In economics, the debt-to-GDP ratio is the ratio of a country's accumulation of government debt (measured in units of currency) to its gross domestic product (GDP) (measured in units of currency per year). A low debt-to-GDP ratio indicates that an economy produces goods and services sufficient to pay back debts without incurring further debt. Geopolitical and economic considerations – including interest rates, war, recessions, and other variables – influence the borrowing practices of a nation and the choice to incur further debt. Economists and international institutions caution that there is no universally agreed "safe" or "dangerous" debt-to-GDP threshold; the sustainability of public debt depends on factors such as growth prospects, interest rates, and fiscal institutions.

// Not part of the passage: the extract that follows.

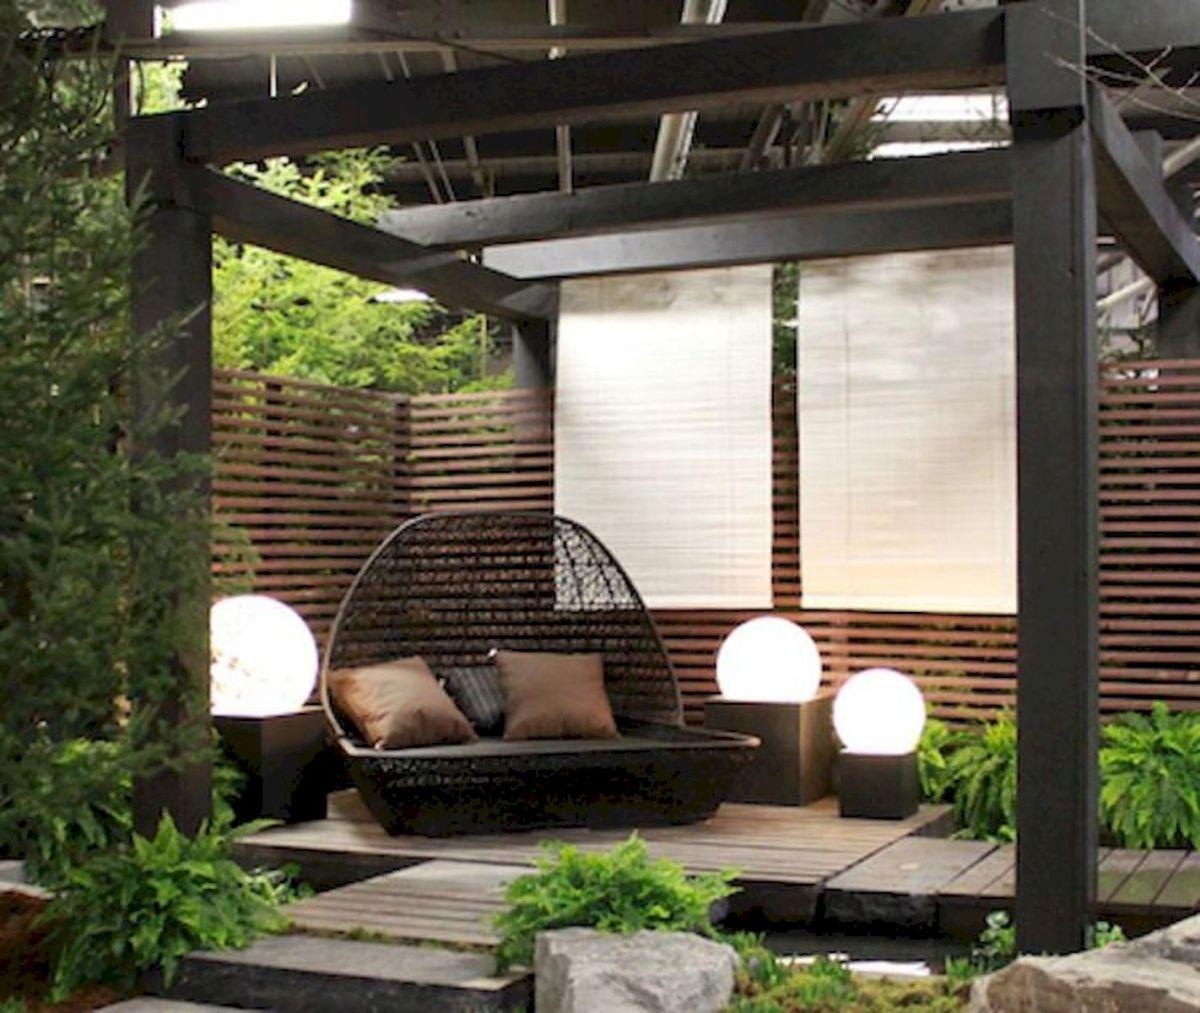 60 Awesome DIY Backyard Privacy Design and Decor Ideas (51)
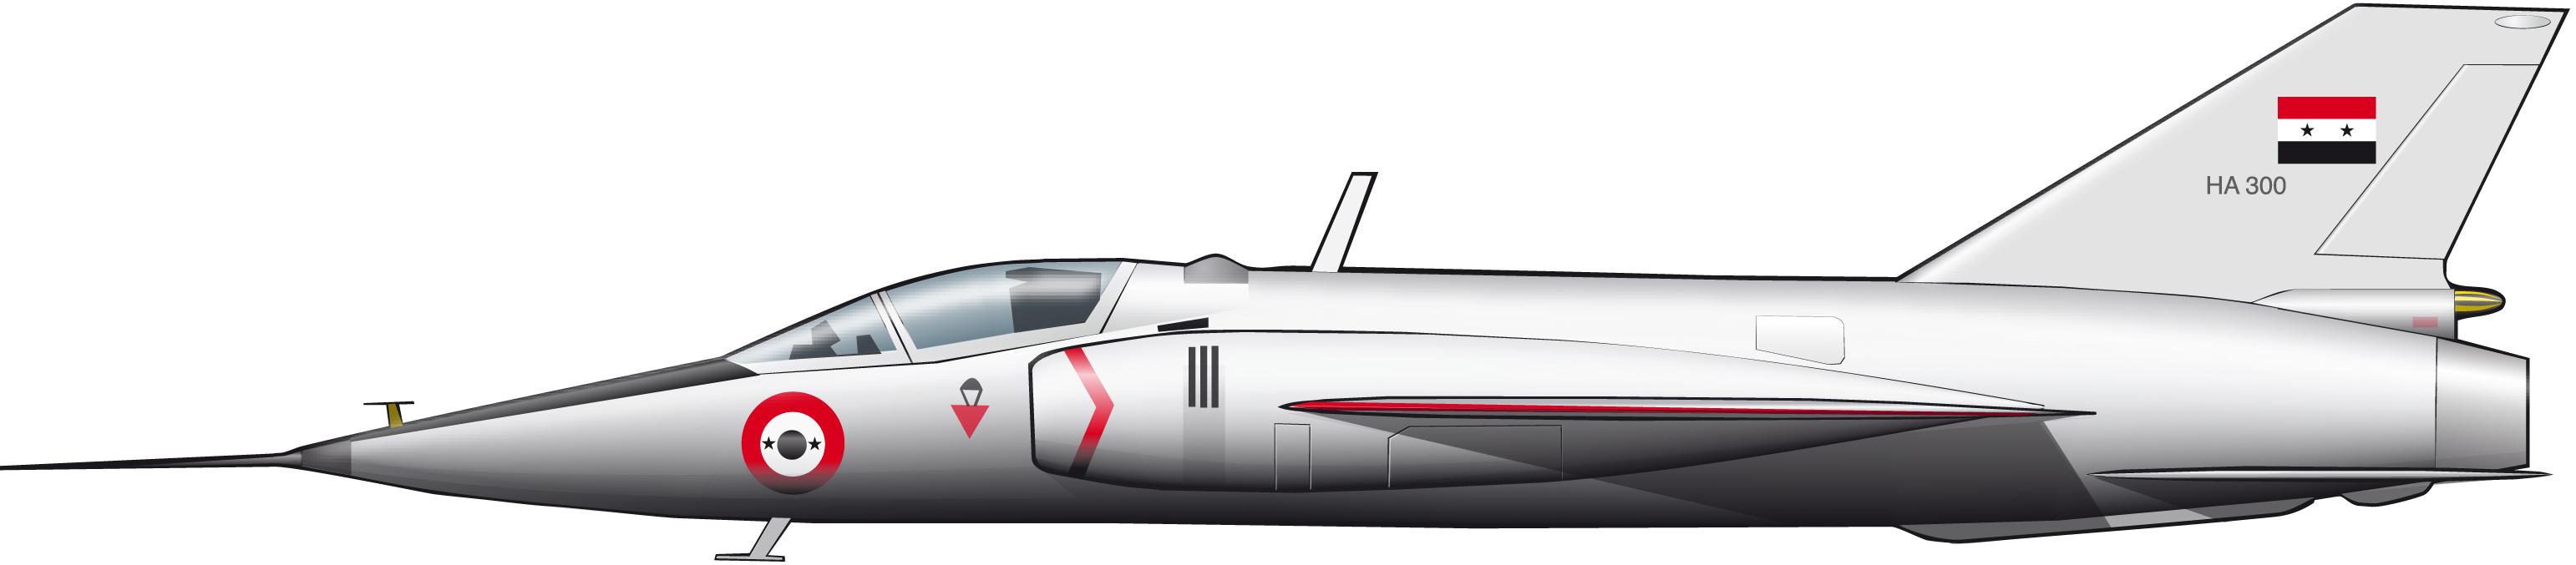 HA-300: el proyecto hispanoegipcioindio

It should not be confused with a deficit-to-GDP ratio, which, for countries running budget deficits, measures a country's annual net fiscal loss in a given year (government budget balance, or the net change in debt per annum) as a percentage share of that country's GDP; for countries running budget surpluses, a surplus-to-GDP ratio measures a country's annual net fiscal gain as a share of that country's GDP.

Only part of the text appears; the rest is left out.